The processor is configured to fetch targets of at least one existing drug that is similar to the drug to obtain a drug target list. Herein, the target of the drug is usually a protein, which is intrinsically associated with a particular disease process. Furthermore, the target could be addressed by the drug to produce a desired therapeutic effect. Herein, the target is identified and characterized by identifying function of a possible therapeutic agent, wherein the therapeutic agent may be a gene and/or protein and their role in a disease. In this regard, the at least one drug interacts with multiple targets rather than with a single target. Subsequently, the targets that are identified are listed down in a target list, wherein the target list comprises all the targets relevant to the at least one drug given as input to the processor.
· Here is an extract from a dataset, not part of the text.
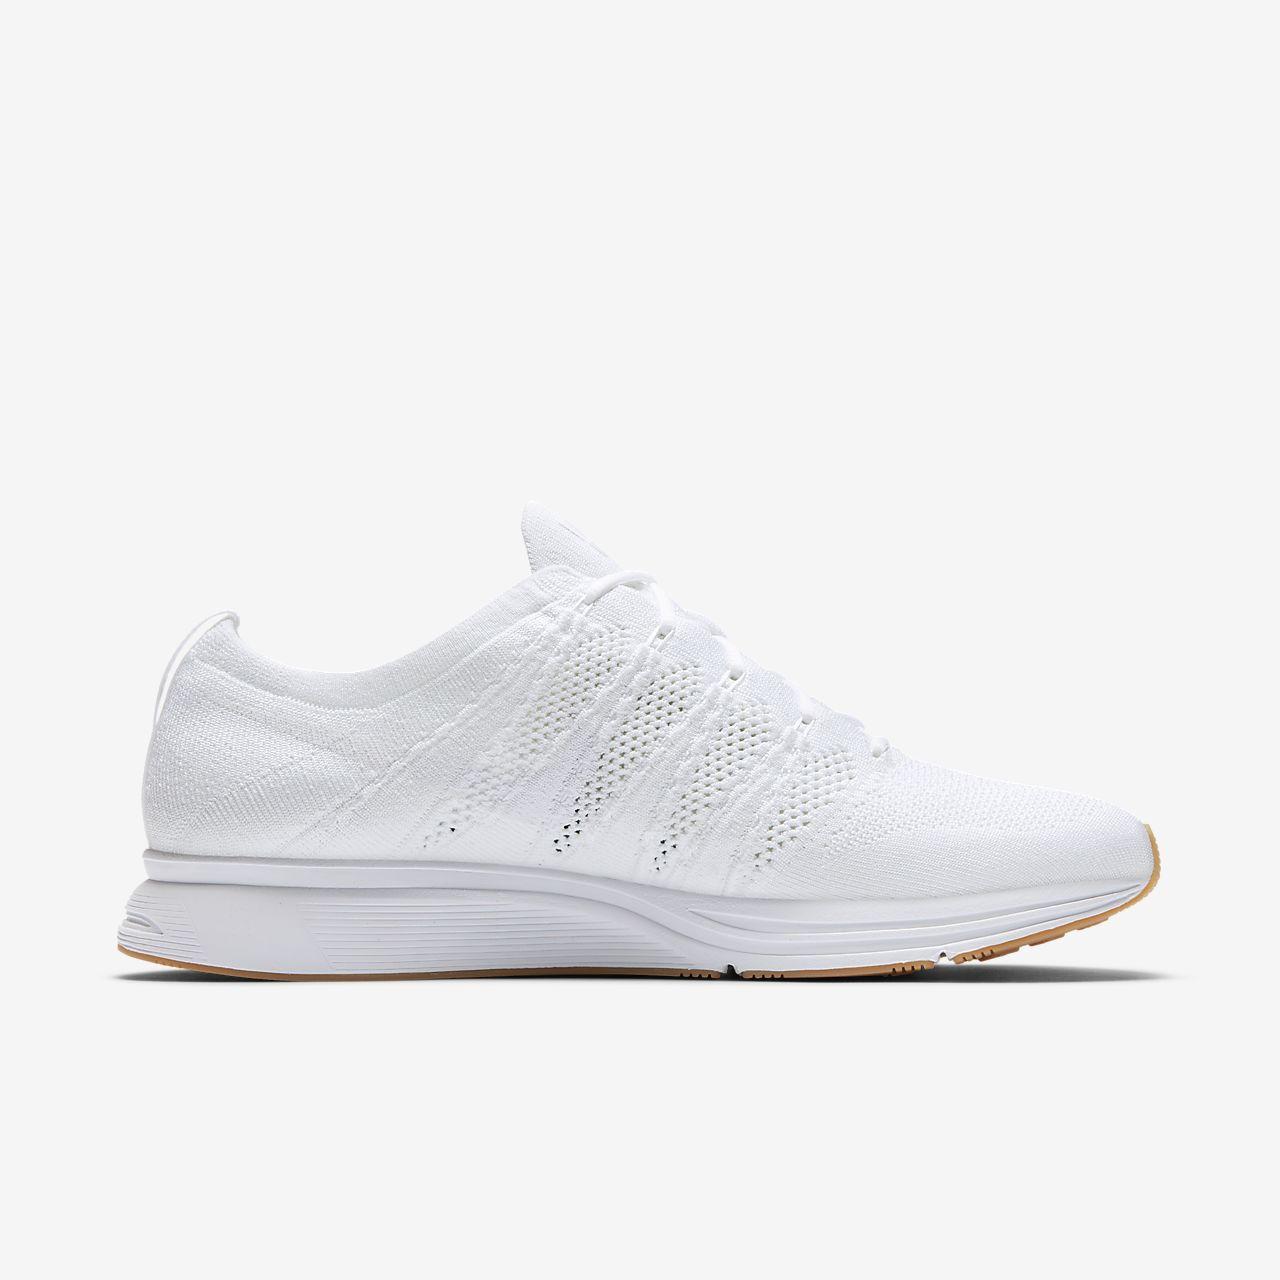 ... Nike Flyknit Trainer Unisex Shoe
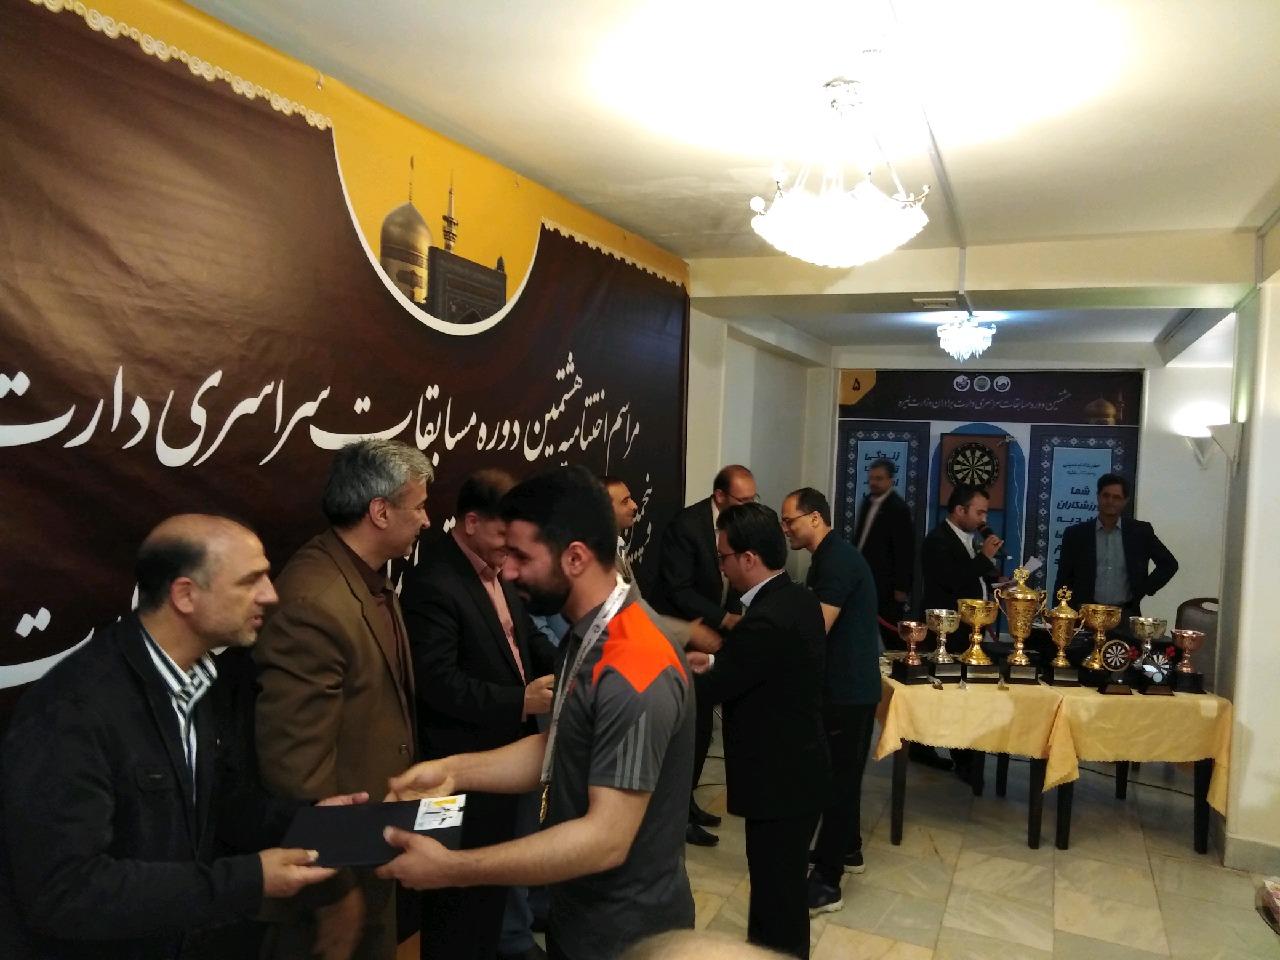 پایان مسابقات دارت و تیراندازی وزارت نیرو در مشهد

Optionally, the processor is configured to use literature mining to fetch drug targets of the known drug. Herein, a majority of new targets are derived from novel biological discoveries first appearing in scientific literature. Herein, sentences are extracted from publications or documents. Furthermore, literature mining uses various keyword mechanisms and countless forms of indexing or document and/or publication classification, as well as straightforward semantic or text search, wherein sets of documents may be retrieved with the help of literature mining, generally with additional refinements such as Boolean combinations of search terms, iterative refinement of searches and so forth, to obtain the majority of new targets. Herein, certain techniques, such as for example, but not limited to, Name Entity Recognition (NER) may be used on scientific literature to identify chemicals, targets, genes, pathways, diseases and utilized with algorithms to procure additional biologically significant words. Thereafter, a plethora of similarity and partitional clustering techniques may be used to group the majority of new targets based on their common terms.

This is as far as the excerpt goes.